网络手术:如何在caffe中重塑caffemodel文件的卷积层?

网络手术:如何在caffe中重塑caffemodel文件的卷积层?

问题描述:

我正在尝试重塑caffemodel的卷积层的大小(这是如何进行网络手术的教程,仅显示如何将重量参数从一个caffemodel复制到另一个相同大小的模型.
相反,我需要向卷积过滤器添加一个新通道(全为0),以便将其大小从当前(64 x 3 x 3 x 3)更改为(64 x 4 x 3 x 3).

I'm trying to reshape the size of a convolution layer of a caffemodel (This is a follow-up question to this question). Although there is a tutorial on how to do net surgery, it only shows how to copy weight parameters from one caffemodel to another of the same size.
Instead I need to add a new channel (all 0) to my convolution filter such that it changes its size from currently (64x3x3x3) to (64x4x3x3).

假设卷积层称为'conv1'.这是我到目前为止尝试过的:

Say the convolution layer is called 'conv1'. This is what I tried so far:

# Load the original network and extract the fully connected layers' parameters.
net = caffe.Net('../models/train.prototxt', 
                '../models/train.caffemodel', 
                caffe.TRAIN)

现在我可以执行此操作:

Now I can perform this:

net.blobs['conv1'].reshape(64,4,3,3);
net.save('myNewTrainModel.caffemodel');

但是保存的模型似乎没有更改.我已经读过,卷积的实际权重存储在net.params['conv1'][0].data中而不是在net.blobs中,但是我不知道如何重塑net.params对象.有人有主意吗?

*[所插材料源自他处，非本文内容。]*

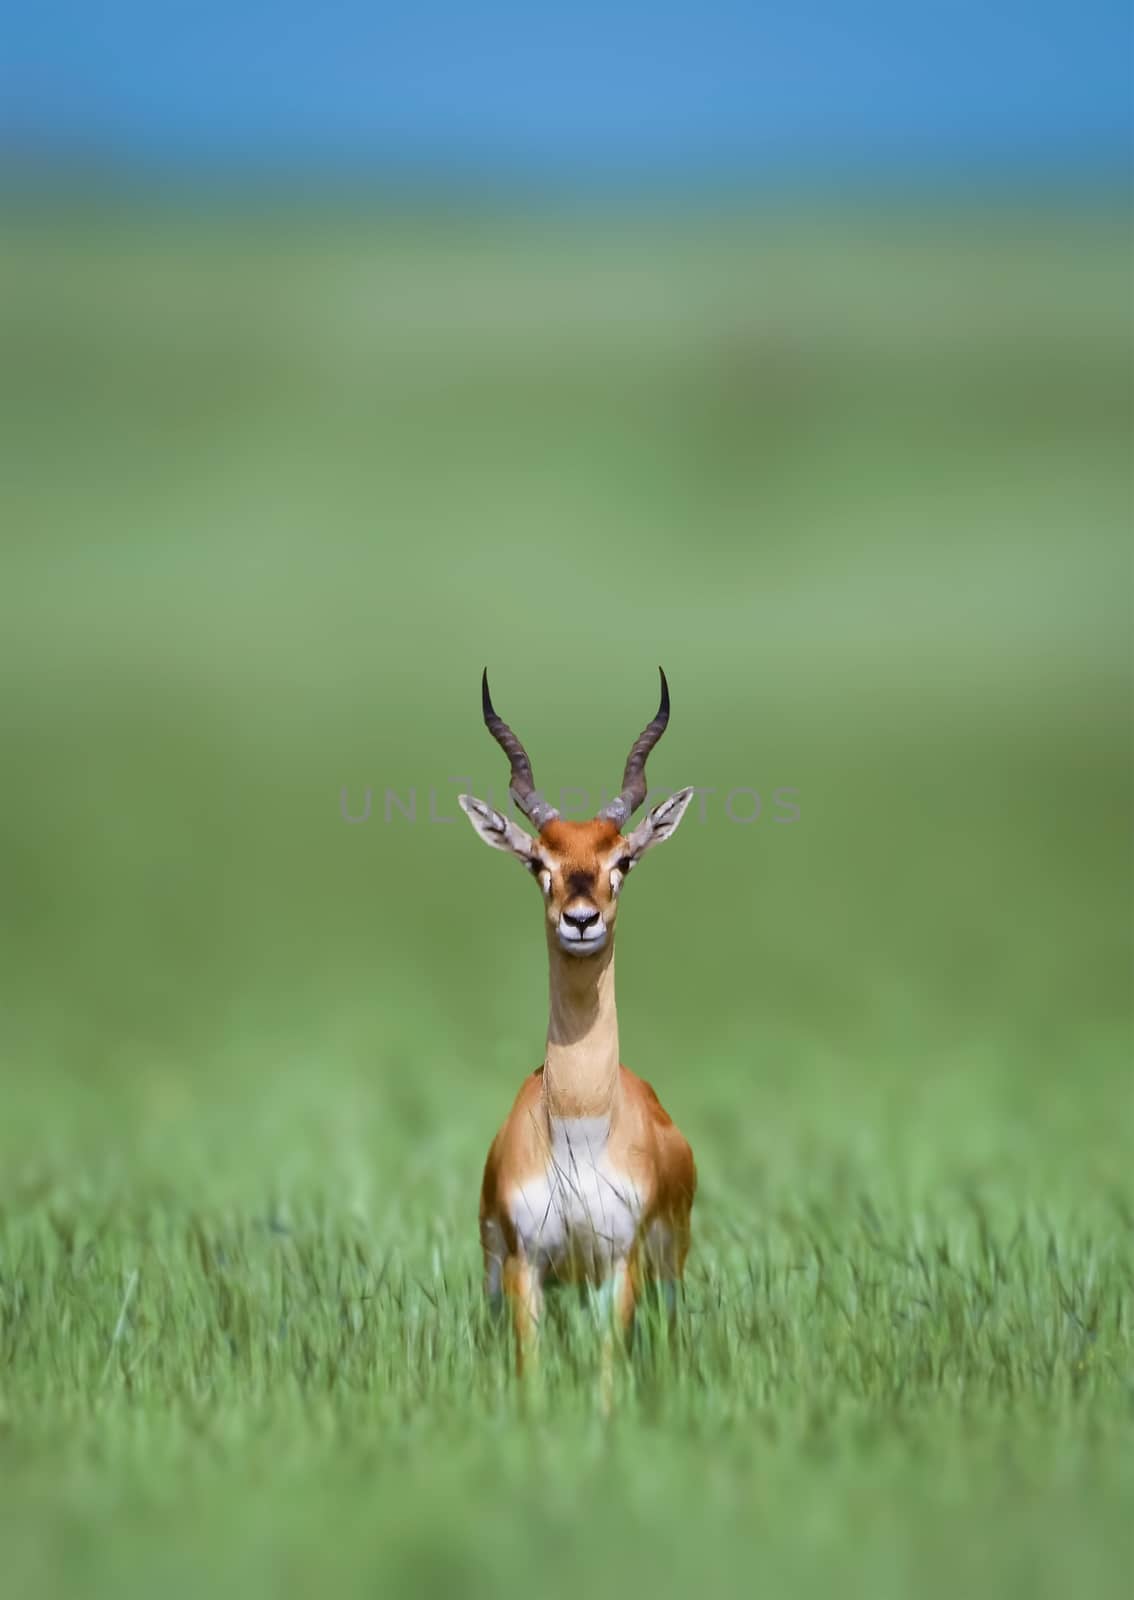 The blackbuck, also known as the Indian antelope, is an antelope found in India, Nepal, and Pakistan. The blackbuck is the sole extant member of the genus Antilope.

But the saved model seems not to have changed. I've read that the actual weights of the convolution are stored rather in net.params['conv1'][0].data than in net.blobs but I can't figure out how to reshape the net.params object. Does anyone have an idea?

正如您所指出的,net.blobs不会存储学习的参数/权重,而是存储在网络输入上应用过滤器/激活的结果.学习的权重存储在net.params中. (有关更多详细信息,请参见).

As you well noted, net.blobs does not store the learned parameters/weights, but rather stores the result of applying the filters/activations on the net's input. The learned weights are stored in net.params. (see this for more details).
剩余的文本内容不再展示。